The small shares for the vast majority of Humira biosimilar developers show how this market may be too crowded. Coherus BioSciences recently announced the sale of its Humira biosimilar for just $40 million, only three years after it won FDA approval.
What is Abbvie's Humira?

2023 sales: $14.4 billion
Disease: Rheumatoid arthritis, juvenile idiopathic arthritis, psoriatic arthritis, ankylosing spondylitis, Crohn’s disease, ulcerative colitis, plaque psoriasis, hidradenitis suppurativa and uveitis.
While AbbVie largely played it cool in the face of a steady stream of Humira biosimilars last year, the onslaught of copycat biologics ultimately caught up to the autoimmune megablockbuster in the final stretch of 2023.
Humira, also known as adalimumab, once sat atop the throne as the world’s bestselling prescription medicine, prompting AbbVie to deploy its infamous “patent thicket” to protect the drug’s sales for many years. Still, Humira’s supremacy was never fated to last forever, and, following the debut of the first FDA approved Humira biosim—Amgen’s Amjevita—last January, a successive wave of summer launches gradually eroded Humira sales in the back half of the year.
For all of 2023, Humira brought home worldwide revenues of $14.4 billion, representing a 32% drop from the $21.2 billion sum the drug generated in 2022. The pace of erosion kicked up a notch during the final quarter of 2023, when Humira sales plunged nearly 41% to $3.3 billion globally.
At the top of 2023, Amgen deployed its biosimilar Amjevita, which came equipped with several months of biosim exclusivity on the U.S. market thanks to a 2017 settlement with AbbVie. But AbbVie hadn’t thrown in the towel just yet, with the company’s soon-to-retire CEO Richard Gonzalez noting at the 2023 J.P. Morgan Healthcare Conference that his company was well prepared to fight the competition and had secured broad 2023 formulary access for Humira with “all of the major” players.
Soon after, in February 2023, Gonzalez told investors that while it was still early days, his company was “comfortable with how things [were] playing out” in terms of biosimilar competition. At the time, he said that the most “significant impact” on Humira going forward would be the price.
By the end of 2023’s second quarter, Humira’s sales had slipped 25%, though Gonzalez continued to stress that the situation was playing out “as projected, and slightly better than our planning assumptions."

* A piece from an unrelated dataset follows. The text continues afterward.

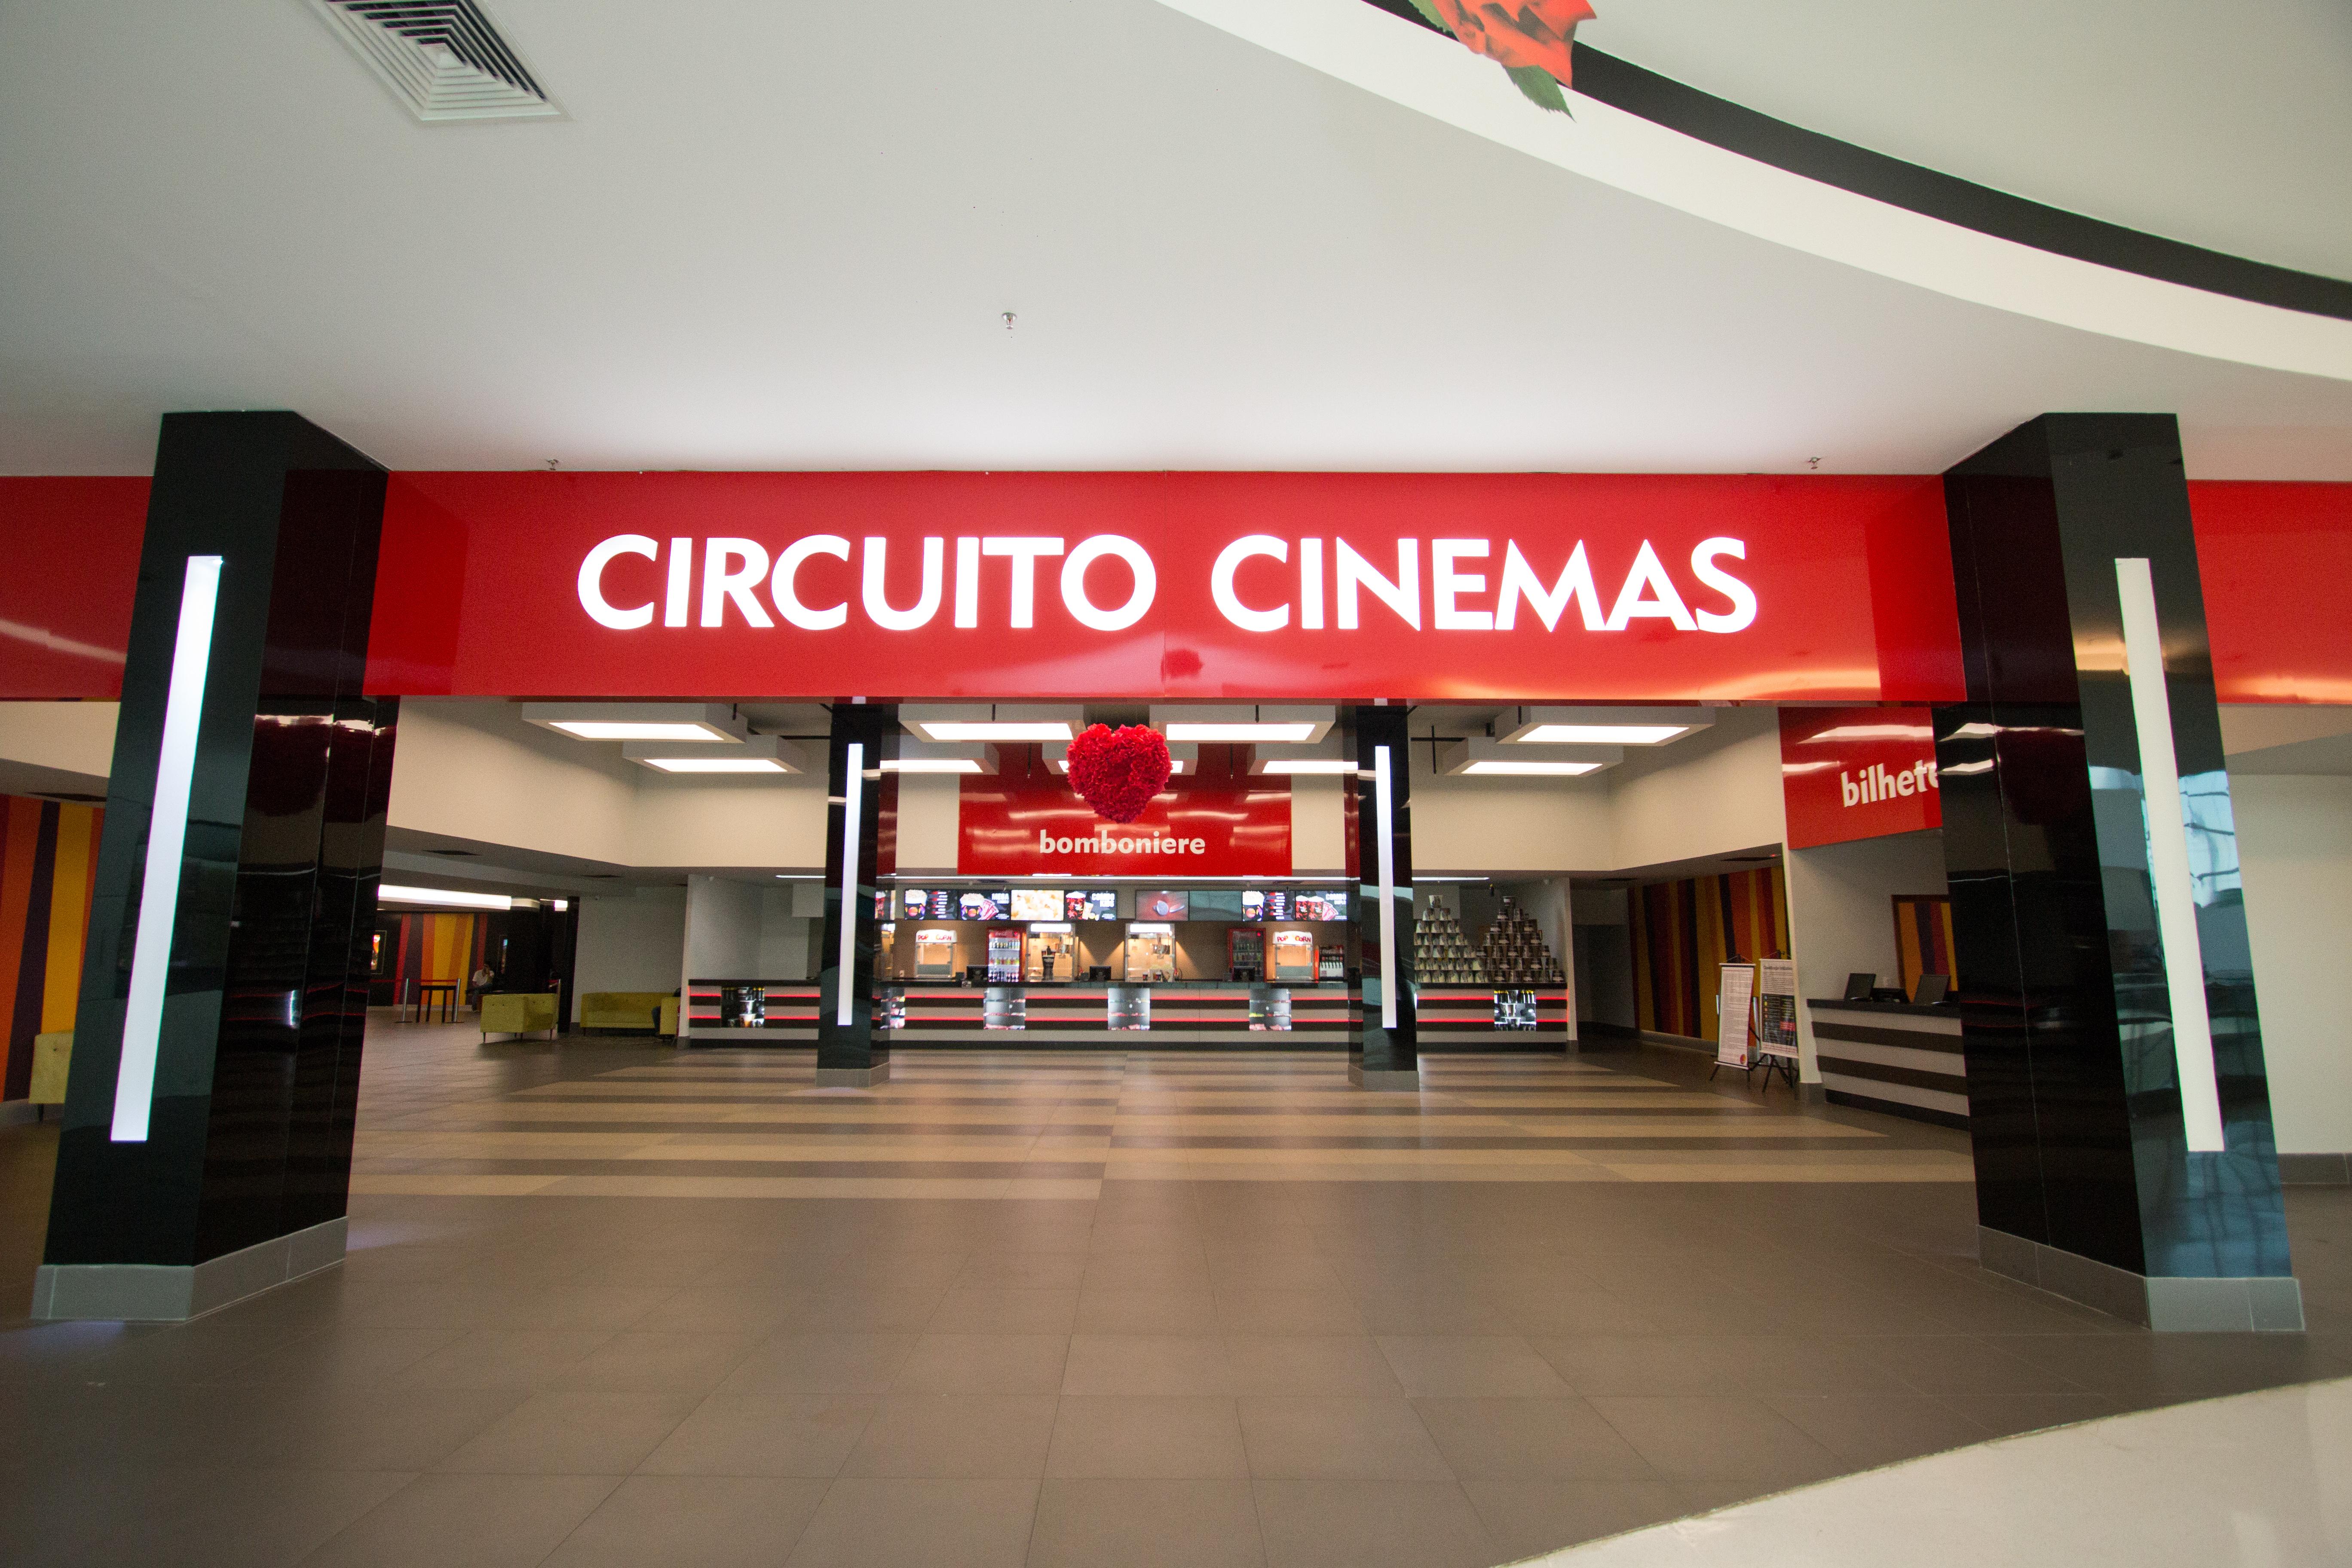 Circuito Cinema Sp : Circuito limeira limeira sp

Following Amgen’s Amjevita rollout, a tranche of additional Humira biosimilars hit the scene last summer, including Boehringer Ingelheim’s Cyltezo, Sandoz’s Hyrimoz, Biocon’s Hulio and Coherus BioSciences’ Yusimry.
According to a September survey from Spherix Global Insights, Humira over the course of 2023 faced “continued erosion” in favor of a “growing embrace of these diverse biosimilars.”
Still, Spherix cautioned that prescribers had “not wholly warmed to these newcomers,” pointing out that dermatologists in particular showed the “highest degree of stated resistance to change,” while rheumatologists reported the least actual erosion to AbbVie’s brand-name drug.
While AbbVie escaped 2023 with the Humira situation largely as expected, the branded offering took a hit more recently on April 1, 2024, when CVS Caremark removed AbbVie’s drug from its national commercial formularies in favor of biosims.
To help weather the biosim assault, AbbVie is looking to its immunology up-and-comers Rinvoq and Skyrizi to pick up the slack. Earlier this year, company executives predicted the meds would generate $16 billion in 2024 and exceed more than $27 billion by 2027.